Die Meeresschildkröte auf den Bildern konnte fürs erste gerettet werden: Kelm und ihre Begleiter fischten sie aus dem Wasser und befreiten sie vom Müll. Sie habe sich schnell erholt, berichtet die Fotografin. Doch dann musste sie zurück ins Meer, zum Plastik.

Auch in Flüssen und Seen gibt es das Problem. An manchen Stellen schwimmen in der Donau mehr kleinste Plastikpartikel als Fischlarven.

Die Menschen, die zum Auftakt der Plastikfasten-Aktion gekommen sind, haben viele Ideen, wie man Müll vermeiden kann. Manche, wie eine Familie aus Tutzing, sind schon sehr erfahren, verwenden praktisch kein Plastik mehr. Es entspinnen sich rege Diskussionen, Erfahrungen werden ausgetauscht. Kelm zeigt und erklärt Produkte ohne Plastik.

"Man muss halt mal anfangen", sagt Isabelle Hagen, dürfe sich aber nicht überfordern. "Das muss alltagspraktisch umsetzbar sein. Man muss klein anfangen, sonst scheitert man."

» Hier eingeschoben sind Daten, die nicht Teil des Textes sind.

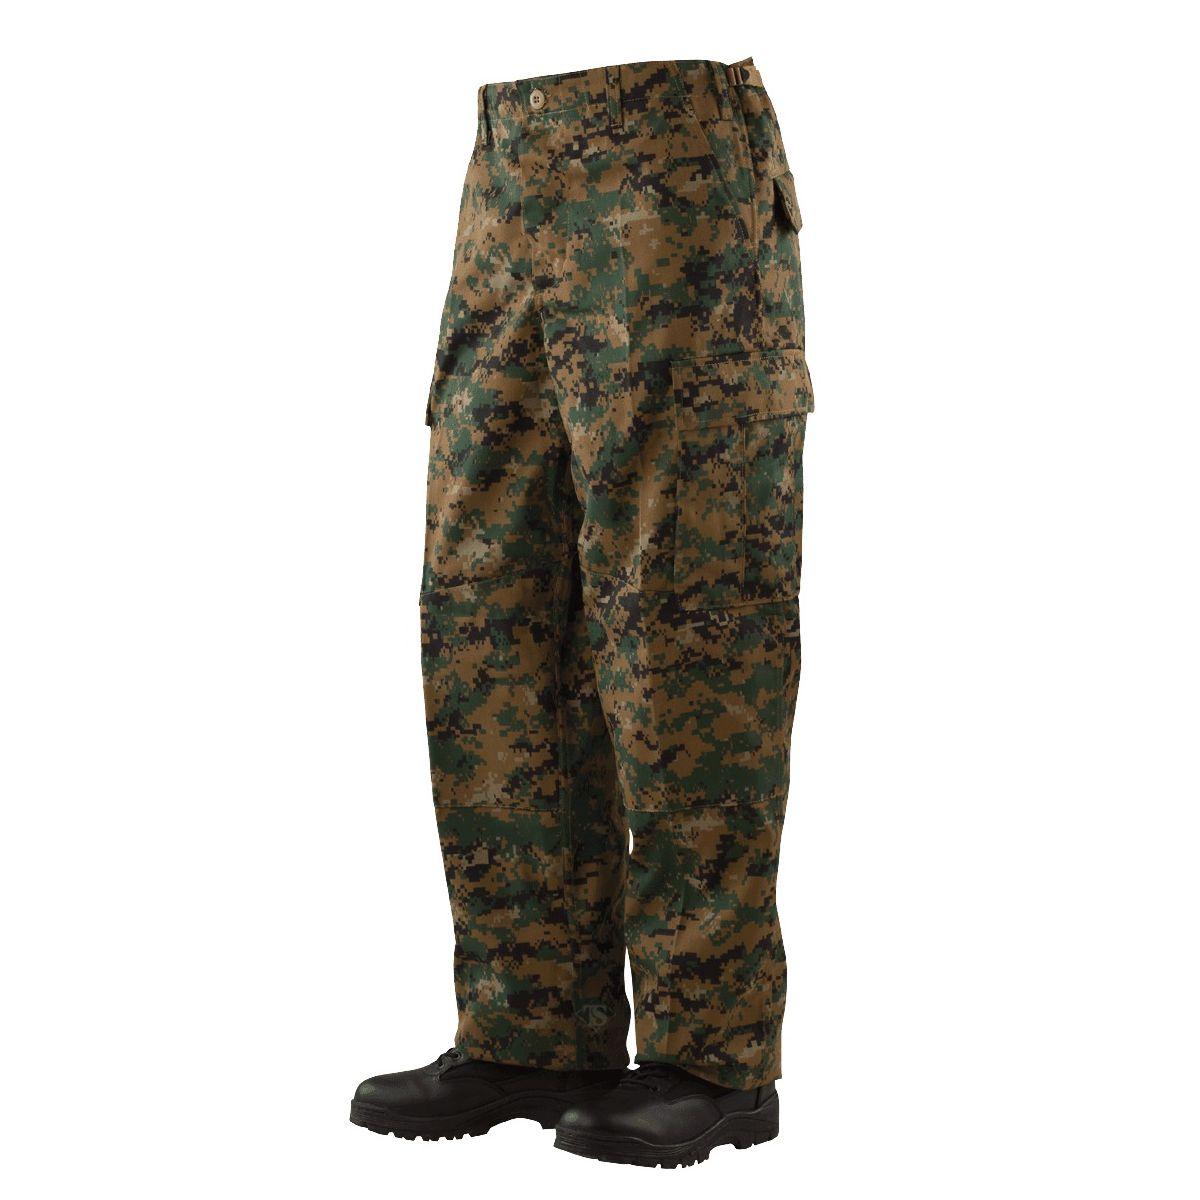 Kalhoty USMC DIGITAL WOODLAND (MARPAT)

Also: Beim Einkaufen darauf achten, dass Obst und Gemüse nicht in Plastik stecken. Milch, Joghurt und Sahne in der Glasflasche kaufen, Nudeln im Pappkarton. Statt der Plastiktüte eine wiederverwendbare Tüte verwenden, besonders umweltverträglich sind solche aus Recyclingmaterial. Kaffee zum Mitnehmen könne man sich häufig auch in den eigenen Becher füllen lassen, der natürlich nicht aus Kunststoff sein sollte, erklärt Kelm. Auch bei Kosmetik lassen sich Produkte finden, die in einer Glas- statt in einer Plastikflasche stecken. Die Fortgeschrittenen verwenden statt Frischhaltefolie mit Bienenwachs beschichtetes Papier, haben Zahnbürsten aus Holz, sogar auswaschbare und wiederverwendbare Damenbinden gibt es. Viele verzichten auf Dinge, die es ohne Plastik nicht gibt.

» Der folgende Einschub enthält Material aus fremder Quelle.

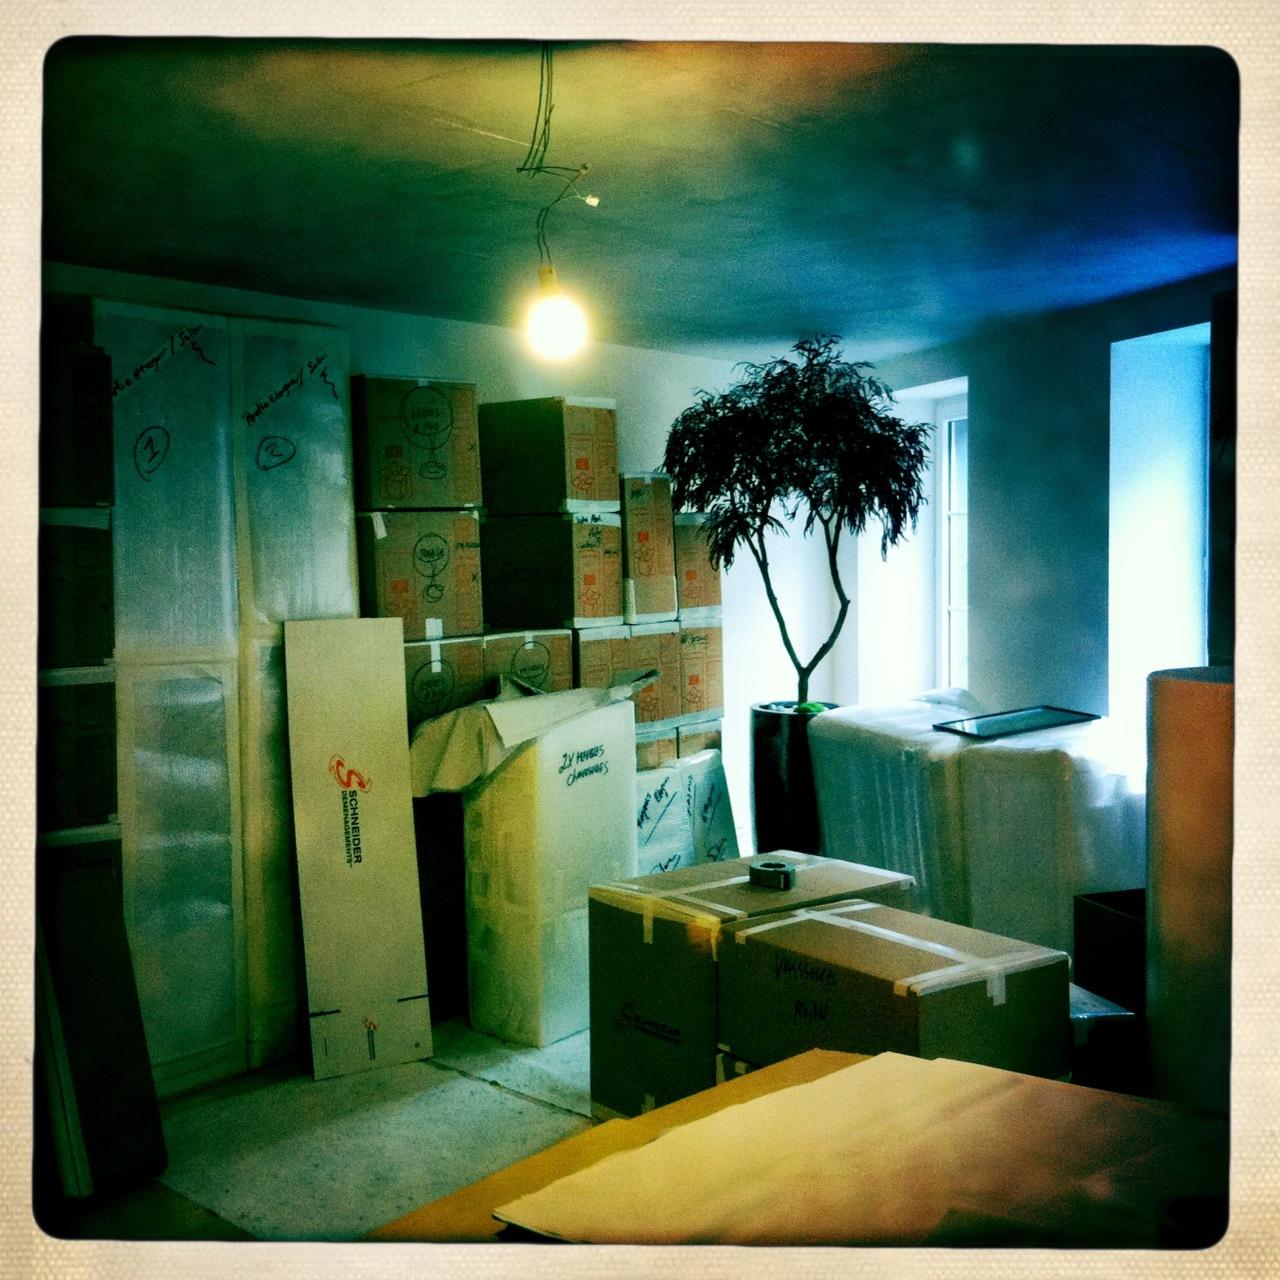 Goodbye Vevey flat… goodbye arbre mort! Non, on est pas partis avec l'abat-jour, c'est juste qu'on aura même pas eu le temps d'en mettre ;-)

Dass sie alleine wenig ausrichten werden, ist den Teilnehmern aber schon klar. Deshalb wird in der Diskussion immer wieder der Ruf nach gesetzlichen Regelungen laut, etwa einem Verbot von Plastiktüten. Die Familien, die mitmachen wollen, unterschreiben eine Plastikfasten-Erklärung, in der sie sich selbst verpflichten, in den kommenden vier Wochen möglichst wenig Plastik zu verwenden. Ihre Erfahrungen sollen sie in Tagebüchern festhalten. Familie Hagen wird ihre Erfahrungen regelmäßig mit den SZ-Lesern teilen. Und möglichst eine Routine entwickeln, um auch nach den vier Wochen weiterzumachen mit dem Plastikfasten.